* [How to complete this task]: Write out the entire listing below exactly, with the pictures left out.

* [Supplied information]:
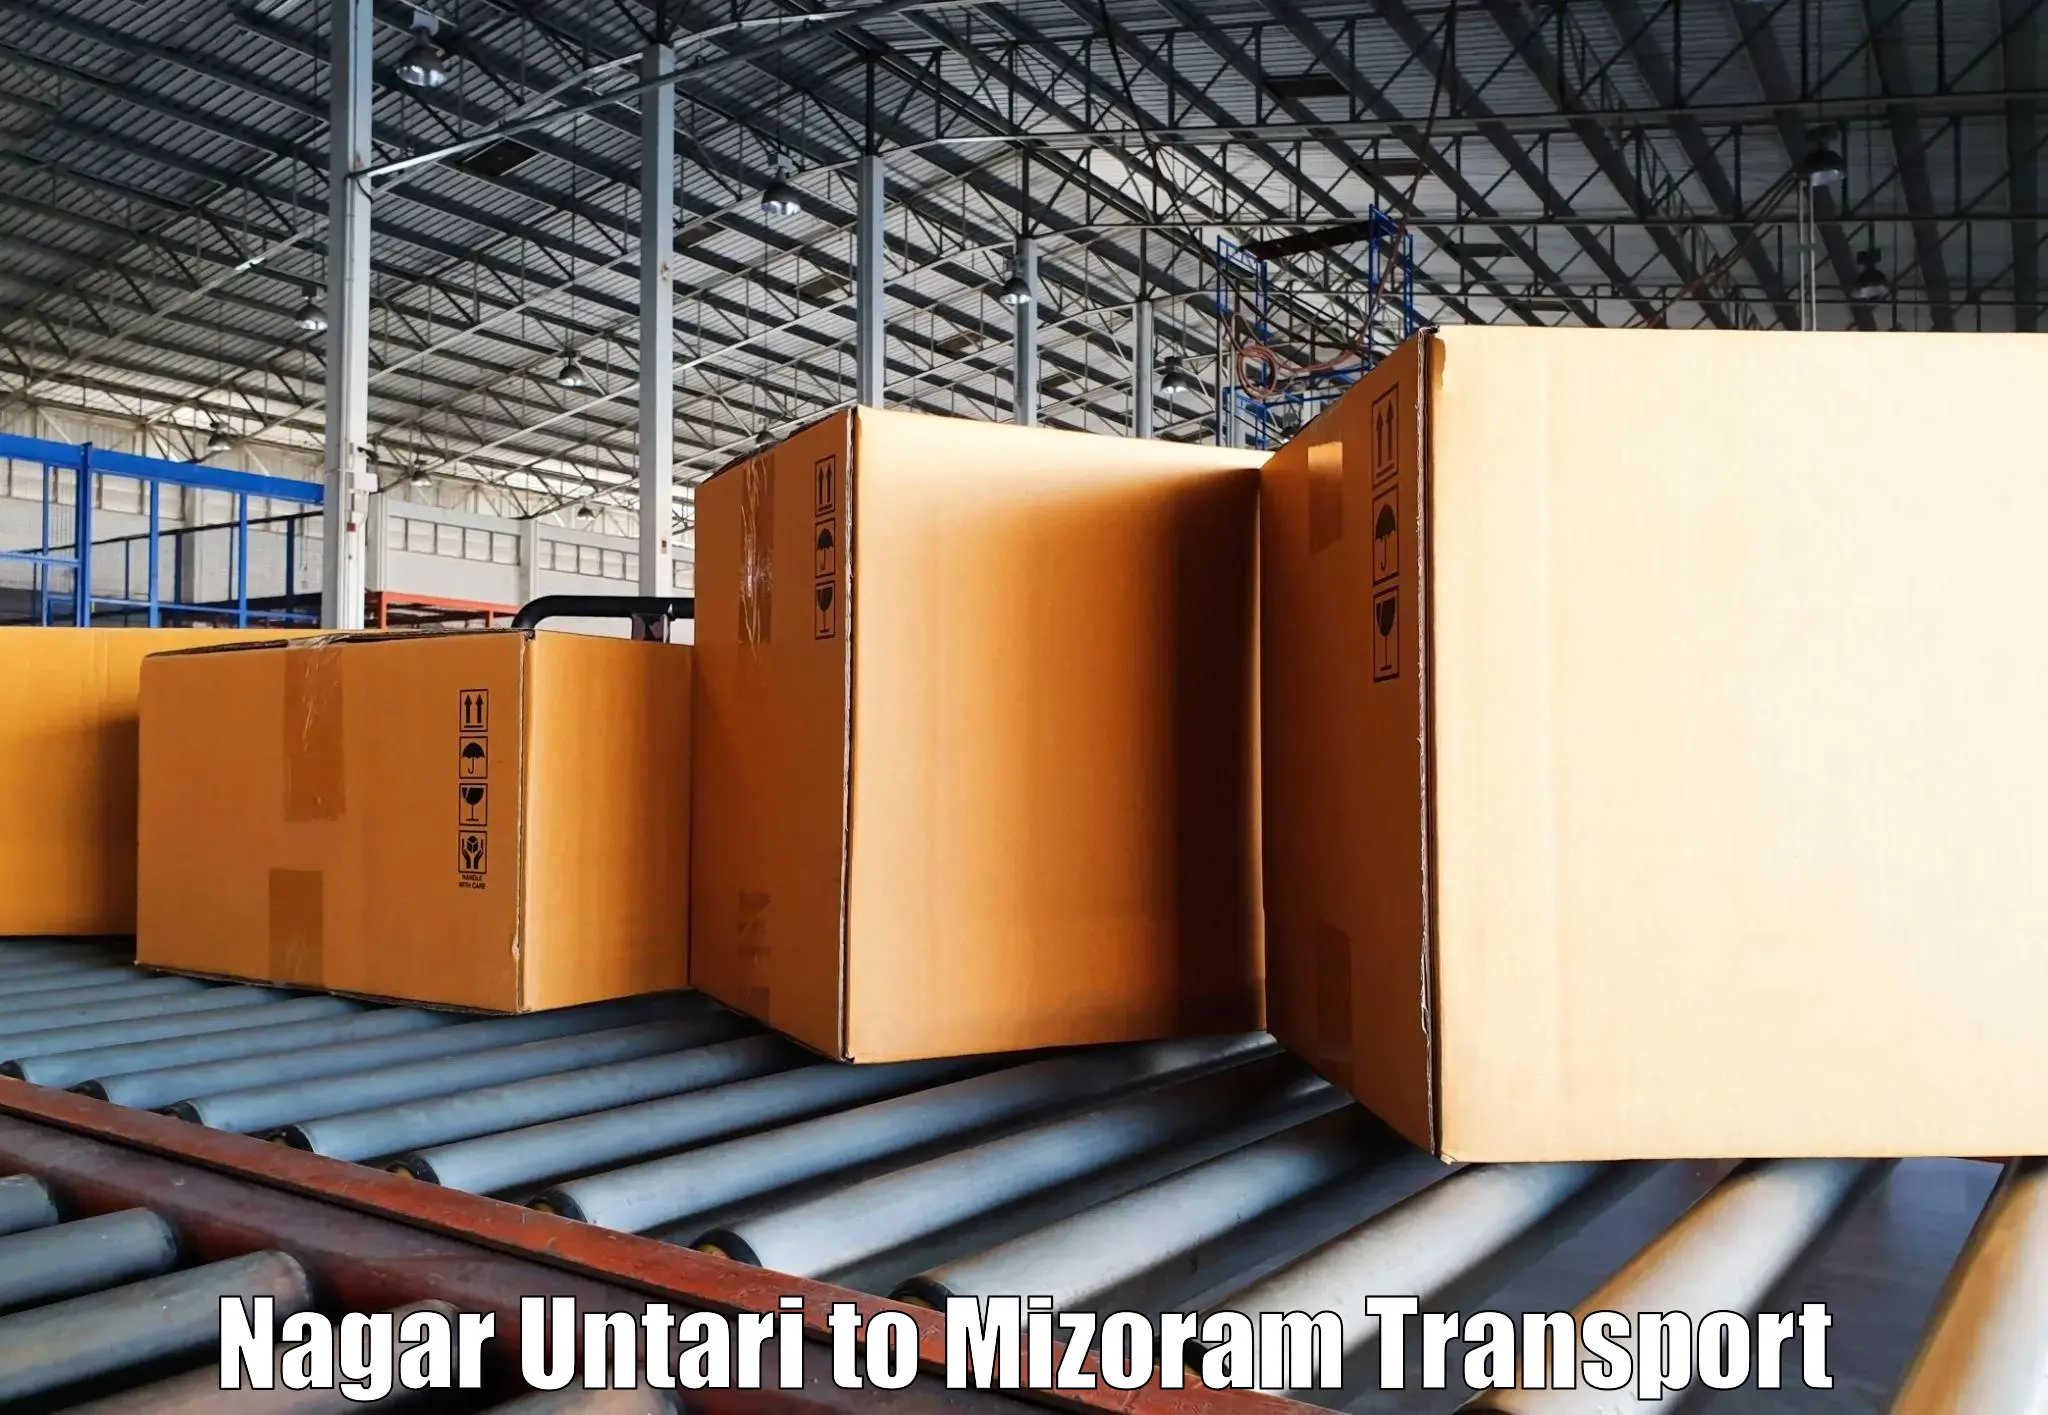 Shipping partner Nagar Untari to Mizoram
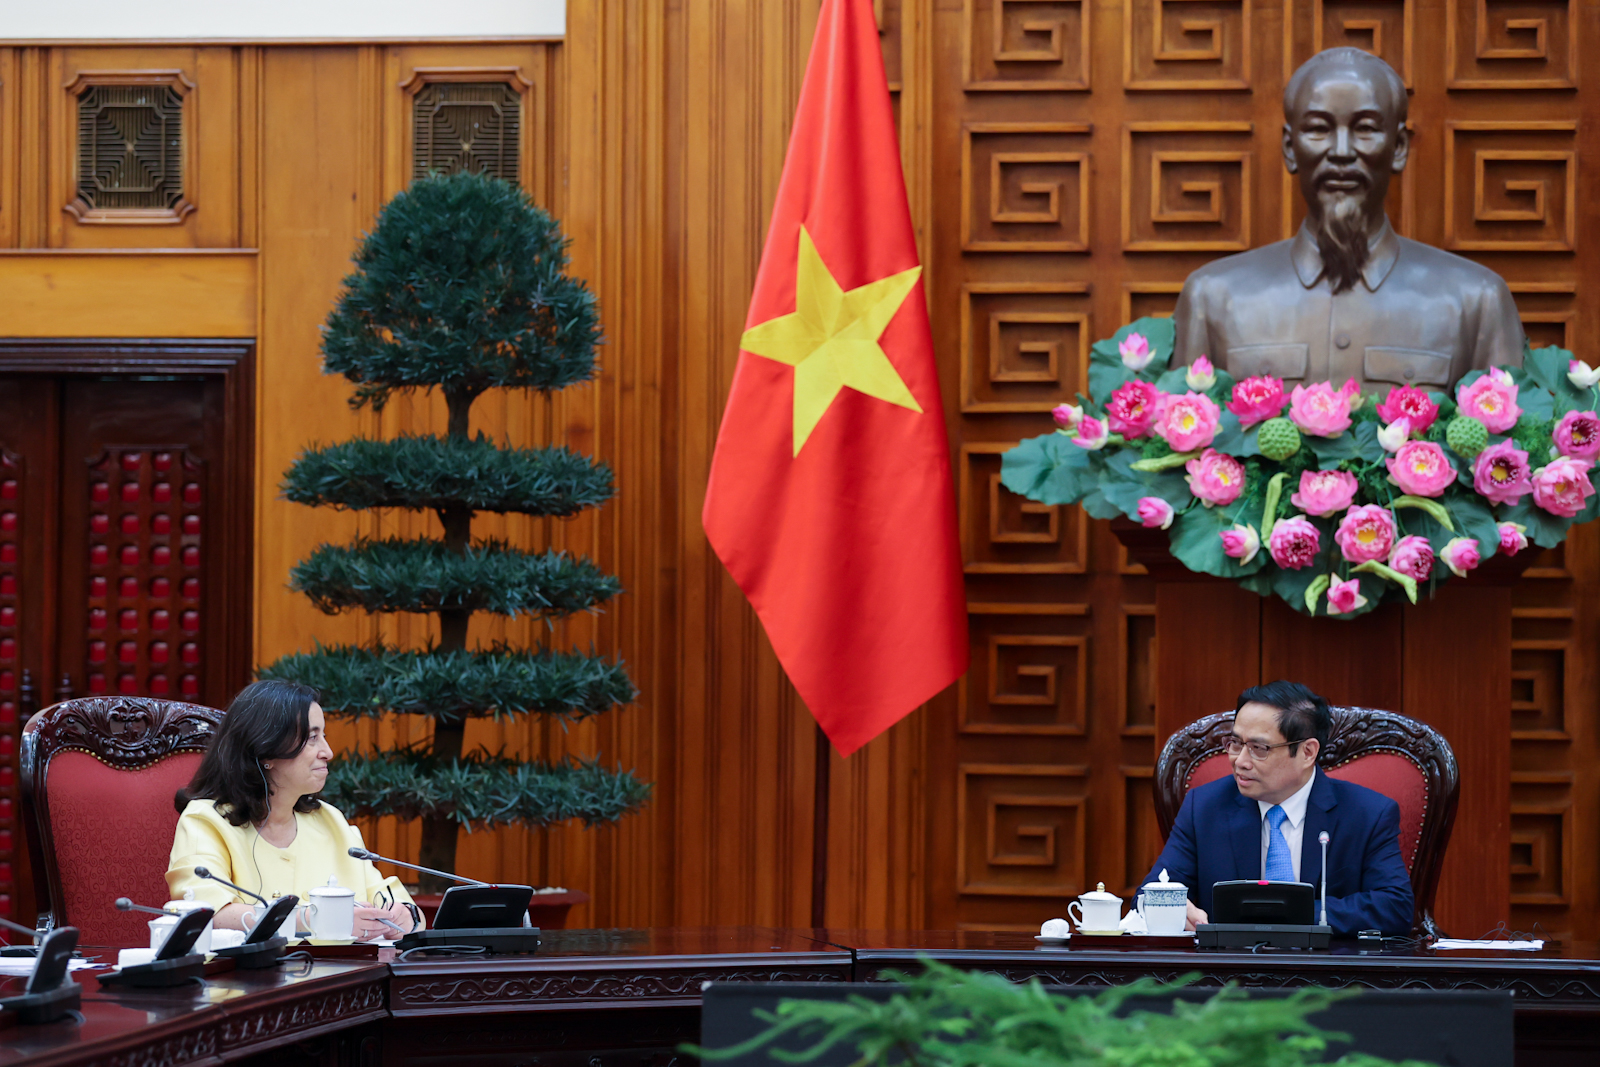 WB tiếp tục hỗ trợ Việt Nam giai đoạn hậu COVID-19, xây dựng nền kinh tế độc lập, tự chủ - Ảnh 2.
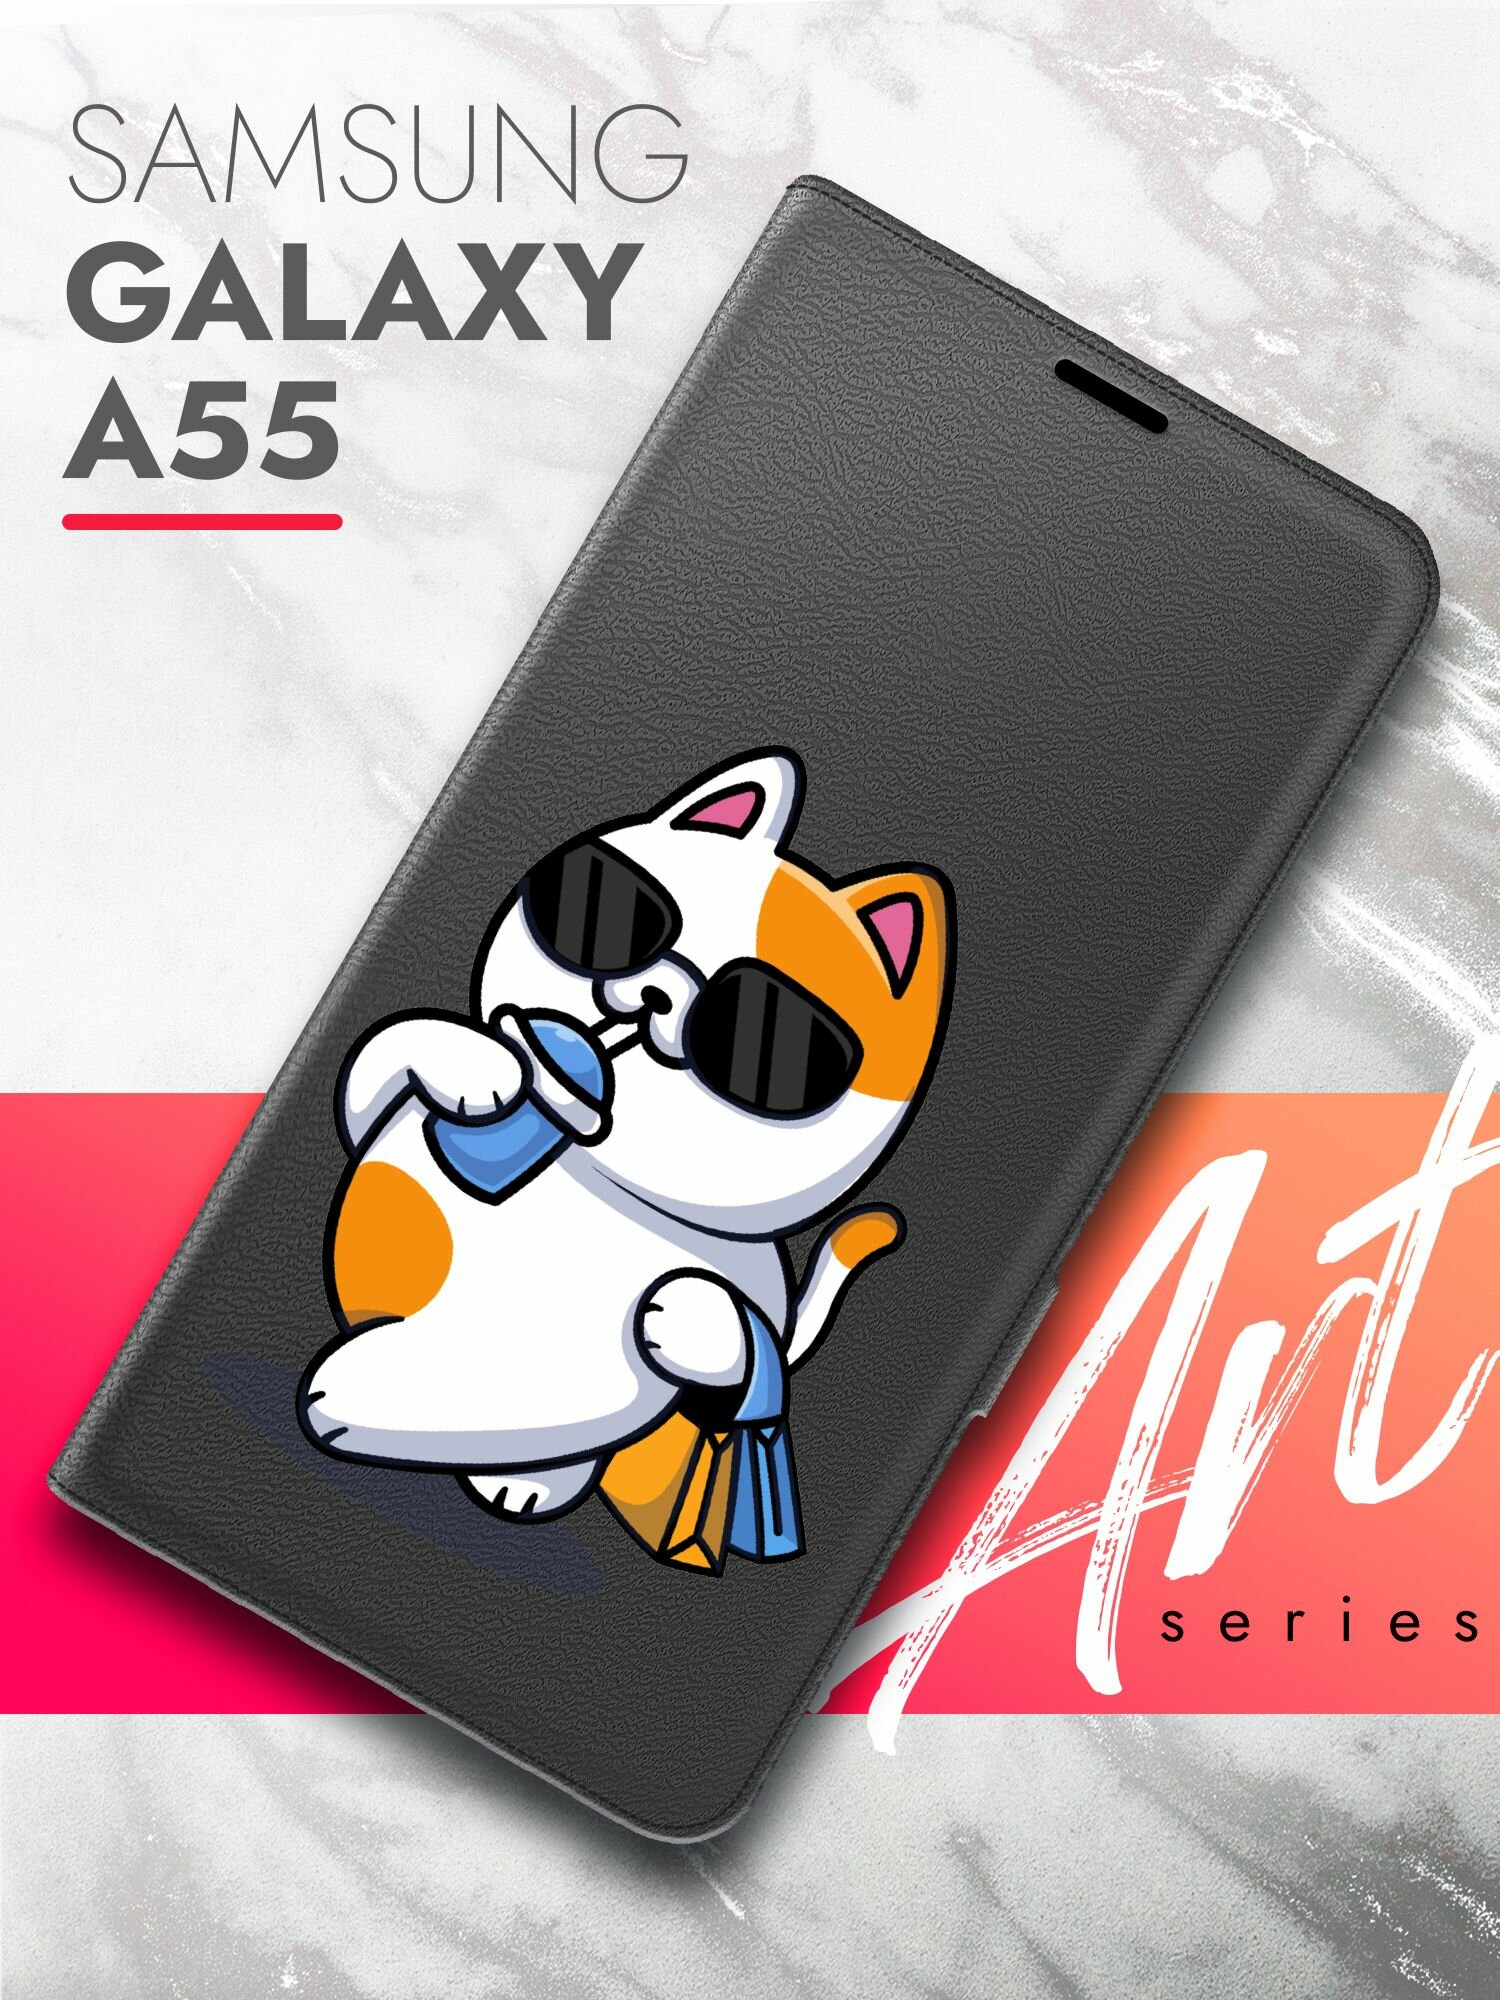 Чехол на Samsung Galaxy A55 (Самсунг Галакси А55) черный книжка эко-кожа подставка отделение для карт магнит Book case, Brozo (принт) Котик пьет

* [Response]:
 Shipping partner Nagar Untari to Mizoram
 WB tiếp tục hỗ trợ Việt Nam giai đoạn hậu COVID-19, xây dựng nền kinh tế độc lập, tự chủ - Ảnh 2.
 Чехол на Samsung Galaxy A55 (Самсунг Галакси А55) черный книжка эко-кожа подставка отделение для карт магнит Book case, Brozo (принт) Котик пьет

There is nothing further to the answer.